有序导电高分子体系金属/类金属行为调控

Good conductivity is the most core feature of the conducting polymers. It is one of the critical targets to look for the metal conducting behavior of conducting polymer since its finding, which is also the basis to exploit its physical property and construct high-performance devices with conducting polymers. With the further investigation on the structure-function correlation of conducting polymers, the necessity and urgency of looking for metal/metal-like behavior based on ordered conducting polymer systems are becoming increasingly prominent. This proposal will primarily identify and establish the crystallization conditions for conducting polymers, such as polypyrrole and poly-3-butylthiophene. To achieve this, novel unconventional micro- and nano-fabrication techniques will be developed and utilized, along with the detailed exploration of size of the confined space, growth temperature, kinds and concentrations of catalysts, etc, to look for the key factor of system construction of ordered conducting polymers, and eventually to realize the controlled fabrication of conducting polymers in multi-dimensional levels. Further, on this basis, by means of chemical doping and/or high-pressure induction as carrier regulation methods, the intrinsic chemical and physical properties of the transport behavior of conducting polymers will be studied and explained in the electro-phonon level. This will further provide theoretical guidance to the controlled regulation of transport property of conducting polymers. Moreover, along with the realization of metal/metal-like behavior, this research will also provide support for “customizing” functional conducting polymers through composition manipulation and molecule design.

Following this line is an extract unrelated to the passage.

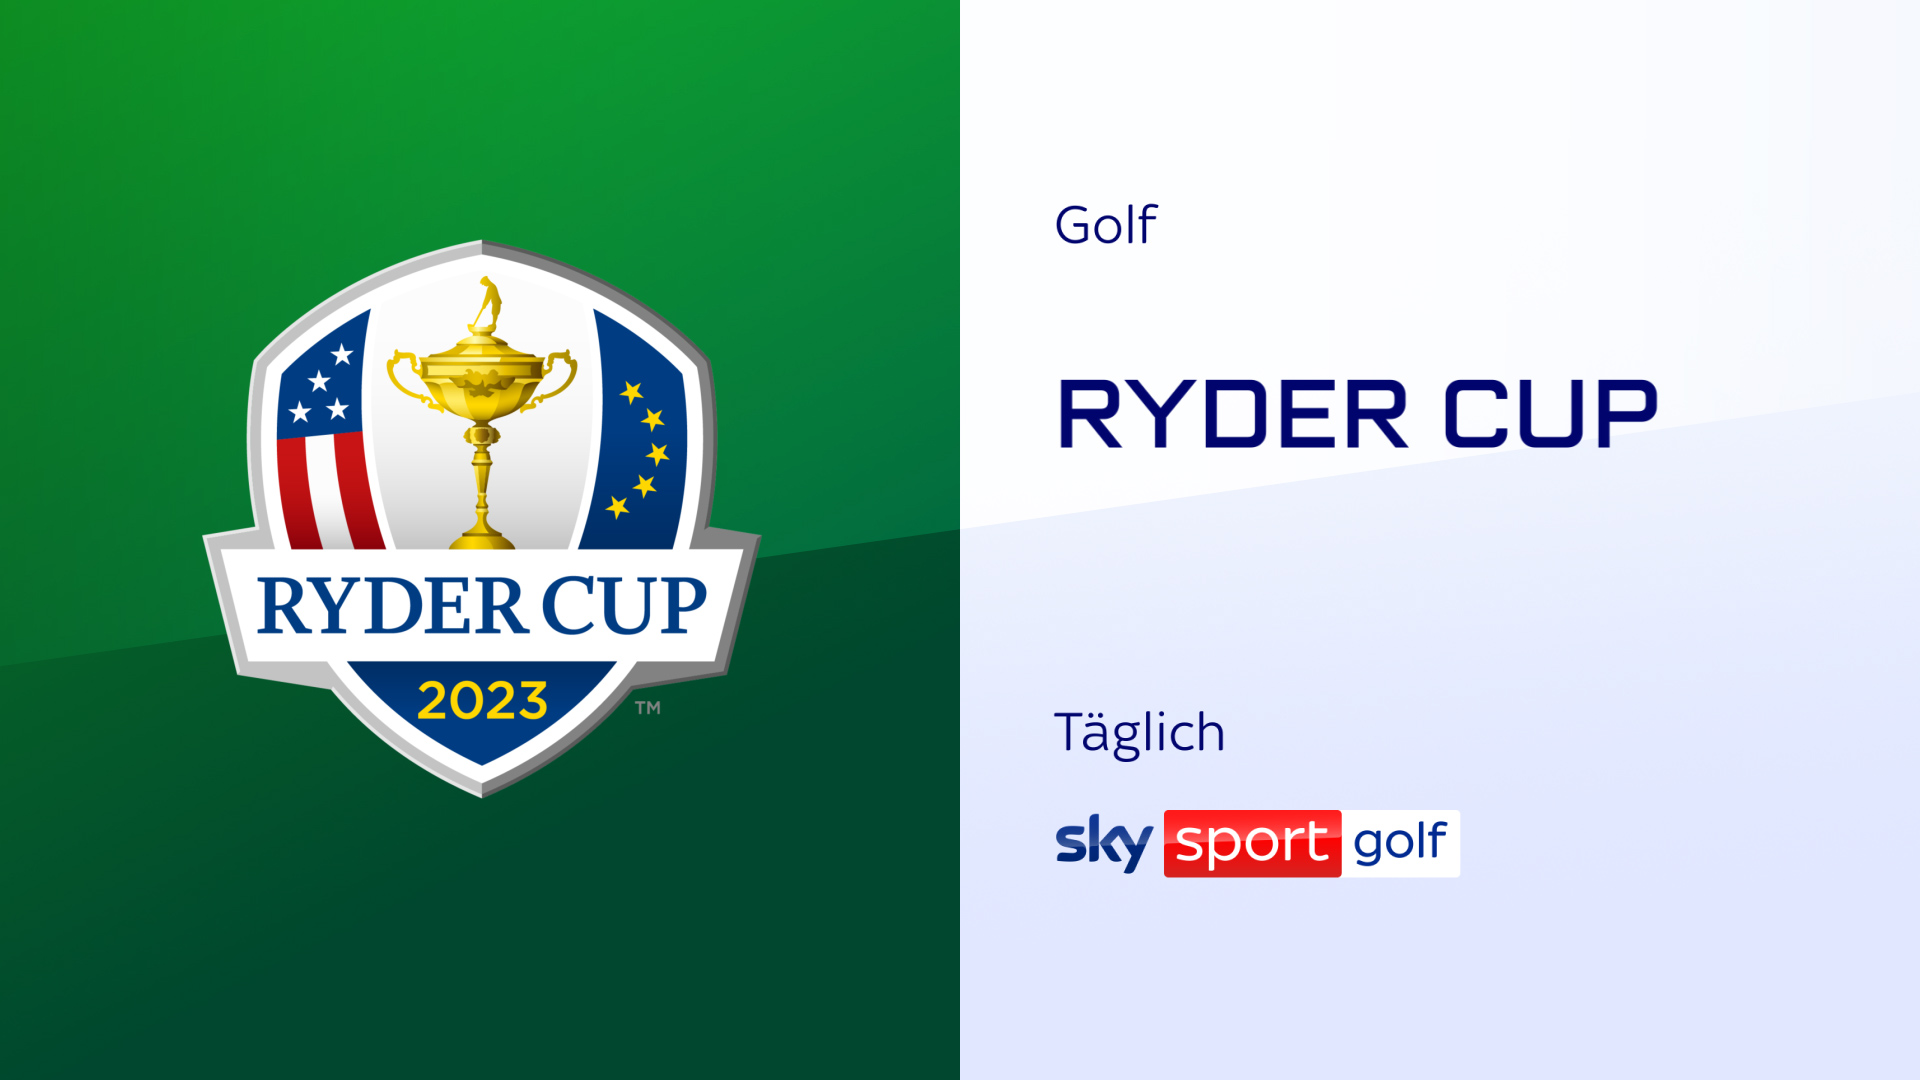 Europa gegen die USA Sky Sport präsentiert den Ryder Cup 2023 live und exklusiv Presseportal

良好的导电性是导电高分子应当具备的最核心特征。寻找具有金属行为的导电高分子是在其发现之初就被赋予的内涵，也是探究其物理本质、构筑高性能器件的关键之一。随着对导电高分子结构—功能关系研究的逐步深入，在构筑有序导电高分子体系的基础上寻找金属/类金属行为的必要性和紧迫性正日益凸显。本课题将首先确立聚吡咯、聚3-丁基噻吩等高分子材料的结晶条件：通过开发新型非传统微纳米技术，细致研究限域尺度、生长温度、催化剂种类及浓度等条件对高分子结晶行为影响，寻找并掌握有序导电高分子材料体系构筑的核心因素，最终实现多尺度有序导电高分子材料的可控制备。在此基础上，以化学掺杂和高压诱导作为载流子调控手段，在电声子层次上研究并阐释导电高分子输运行为的化学和物理本质，为导电高分子输运行为的可控调节提供理论指导；在实现导电高分子金属/类金属行为的同时，为通过成分选择和分子设计来“定制”功能性导电高分子材料提供支撑。

良好的导电性是导电高分子应当具备的最核心特征。寻找具有金属行为的导电高分子是在其发现之初就被赋予的内涵，也是探究其物理本质、构筑高性能器件的关键之一。在项目执行期间，本研究组一方面聚焦于有序共轭高分子体系构筑方法开发方面的研究，开发了微腔原位气相沉积技术、液相原位外延聚合、无溶剂原位聚合等新型非传统微纳米制备技术，实现了多种导电高分子有序体系的构筑；另一方面，立足于设计实现的有序聚吡咯材料体系，我们对其中的结构-功能依赖关系进行了深入的研究，在实现了聚吡咯材料输运性能精确调控的同时发现了其中的类金属行为。在此基础上，基于共轭材料的有序性和类金属行为特性，我们进一步拓展了有序导电高分子在高性能智能传感器件和低温能量存储器件中的应用。目前相关低温电池正在黑龙江、西藏等高寒地区进行试点应用。相关的研究成果一方面极大地促进了对共轭高分子有序化及其本征性能的认识，另一方面也为共轭高分子材料的规模化应用提供了一些可能。项目执行期间，发表项目标注论文32篇，申请国家发明专利6项，培养研究生9名（包括4名在读博士生）。